Problem to solve
Would you return the data below exactly as it stands, with every picture left out?

Dataset extract
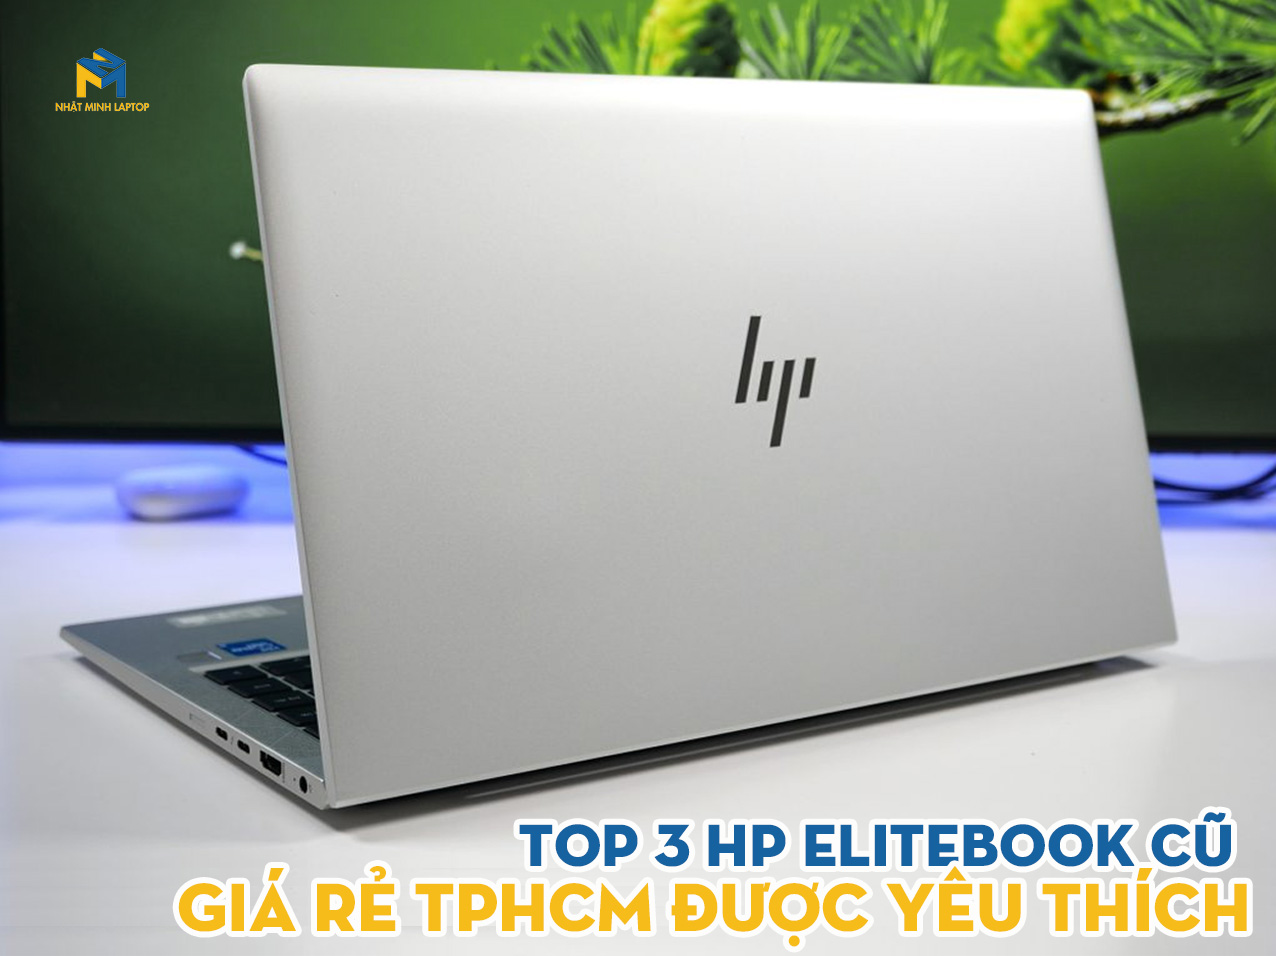 Top 3 Chiếc Laptop HP Elitebook cũ giá rẻ TPHCM được yêu thích nhất
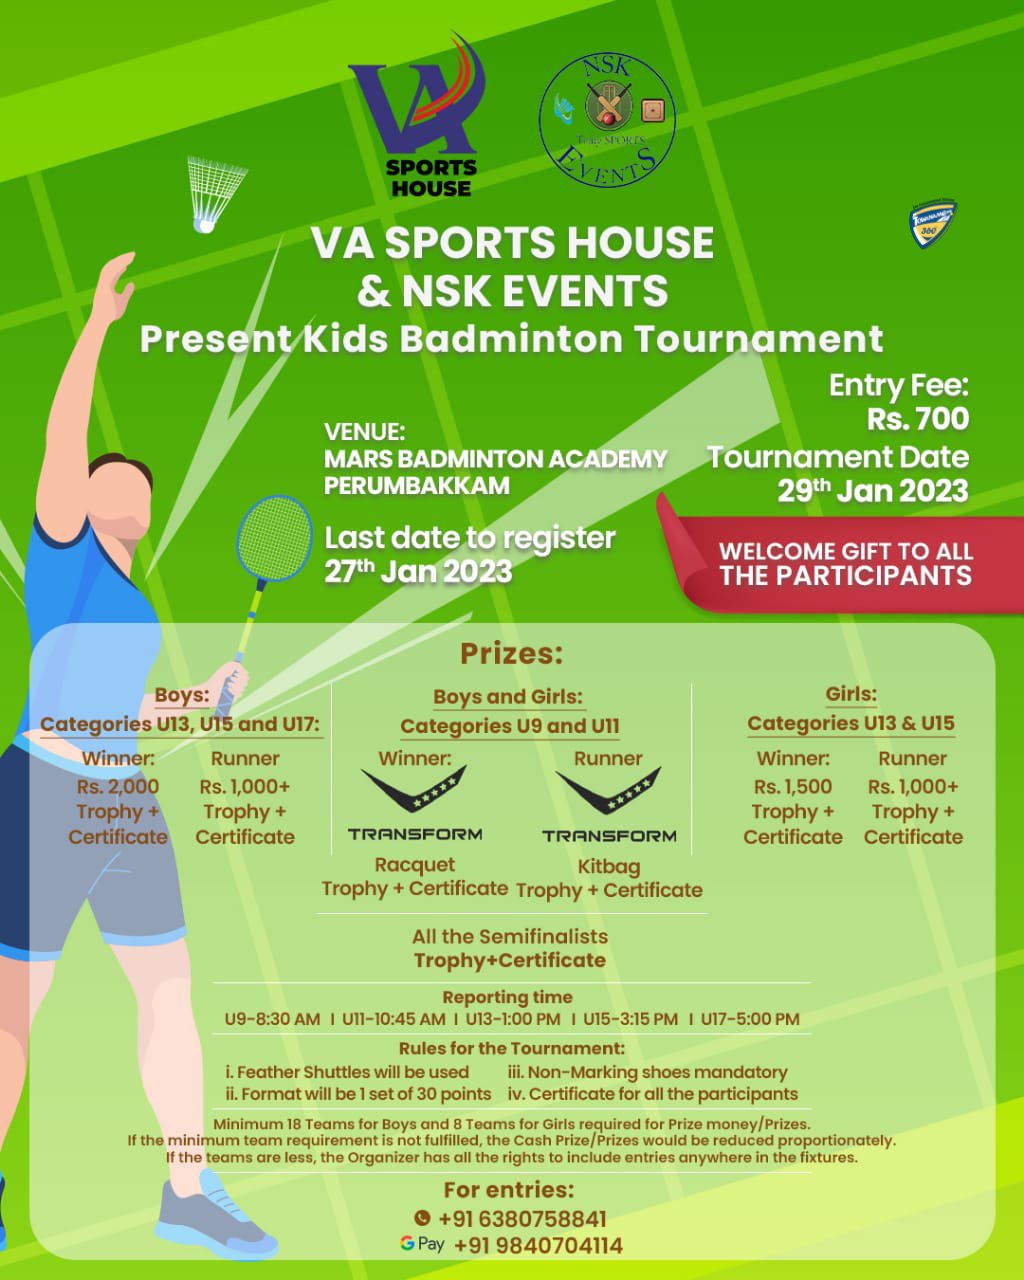 Kids Badminton Tournament in Chennai
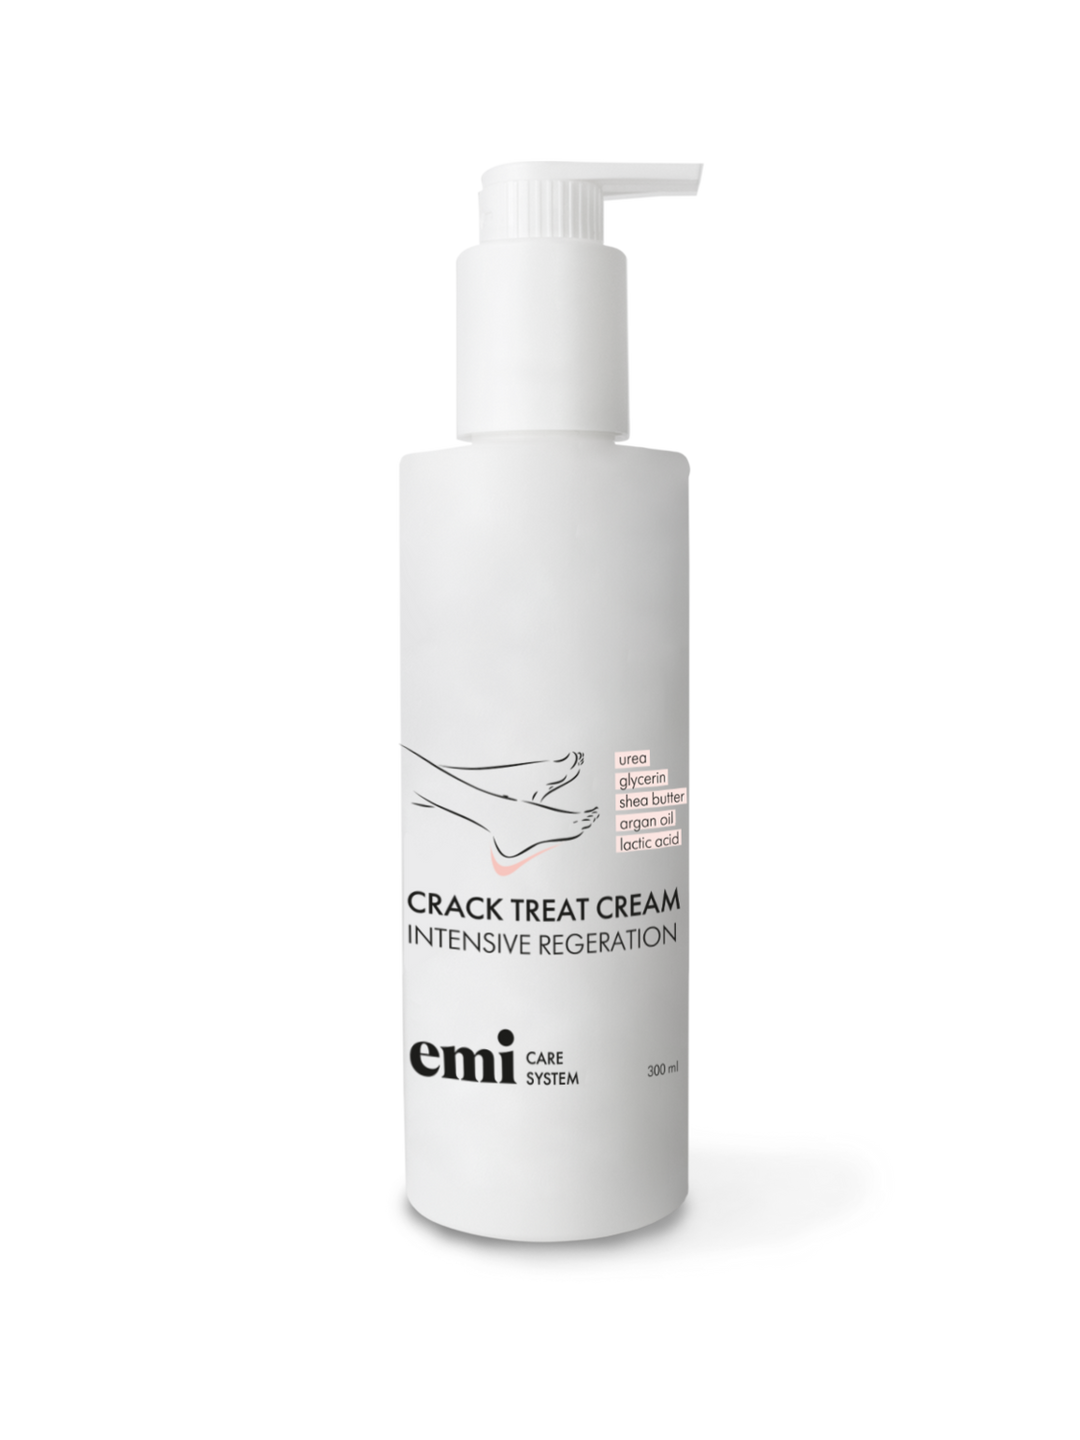 EMI Crack Treat Cream, 300 ml.
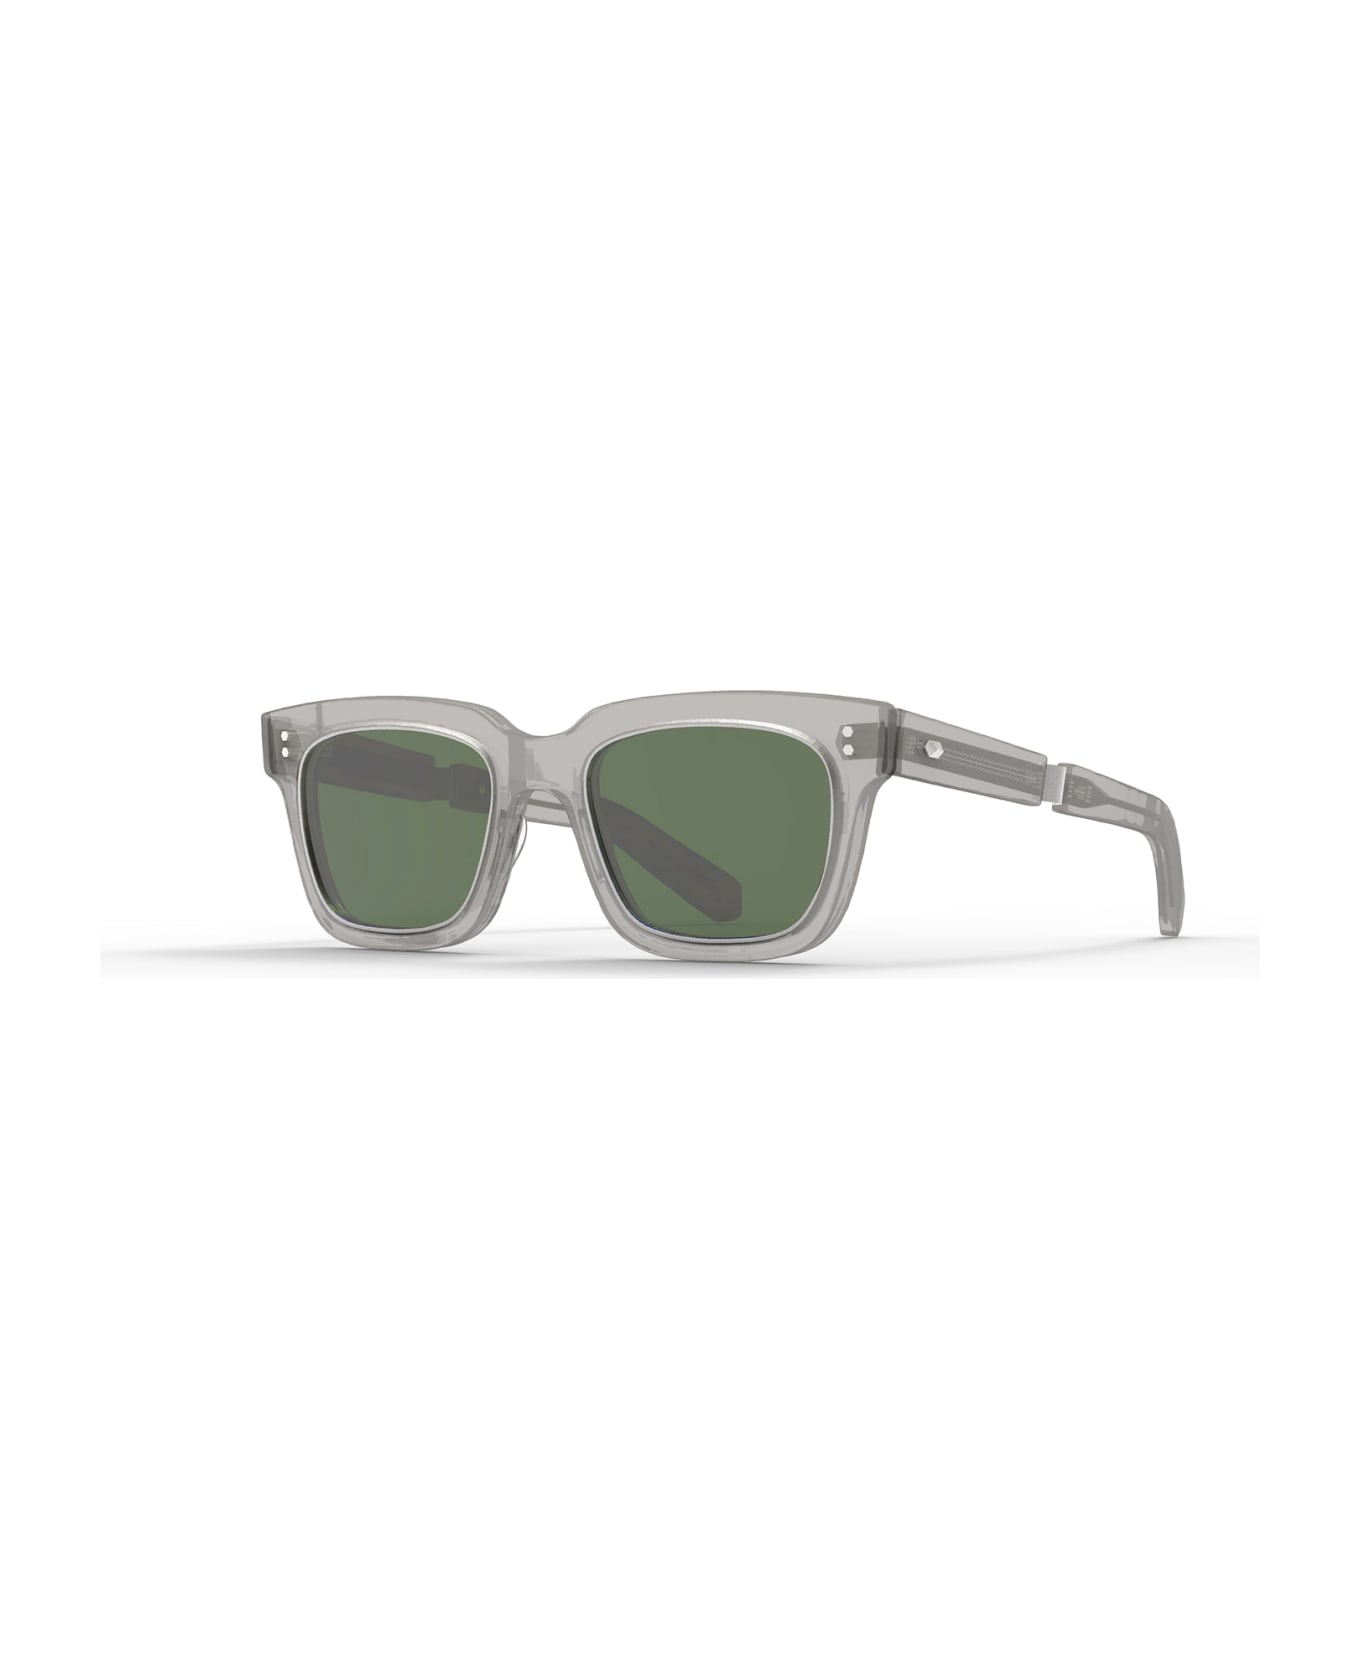 Mr. Leight Arnie S Grey Crystal-matte Platinum Sunglasses - Grey Crystal-Matte Platinum

Problem solution
 Top 3 Chiếc Laptop HP Elitebook cũ giá rẻ TPHCM được yêu thích nhất
 Kids Badminton Tournament in Chennai
 EMI Crack Treat Cream, 300 ml.
 Mr. Leight Arnie S Grey Crystal-matte Platinum Sunglasses - Grey Crystal-Matte Platinum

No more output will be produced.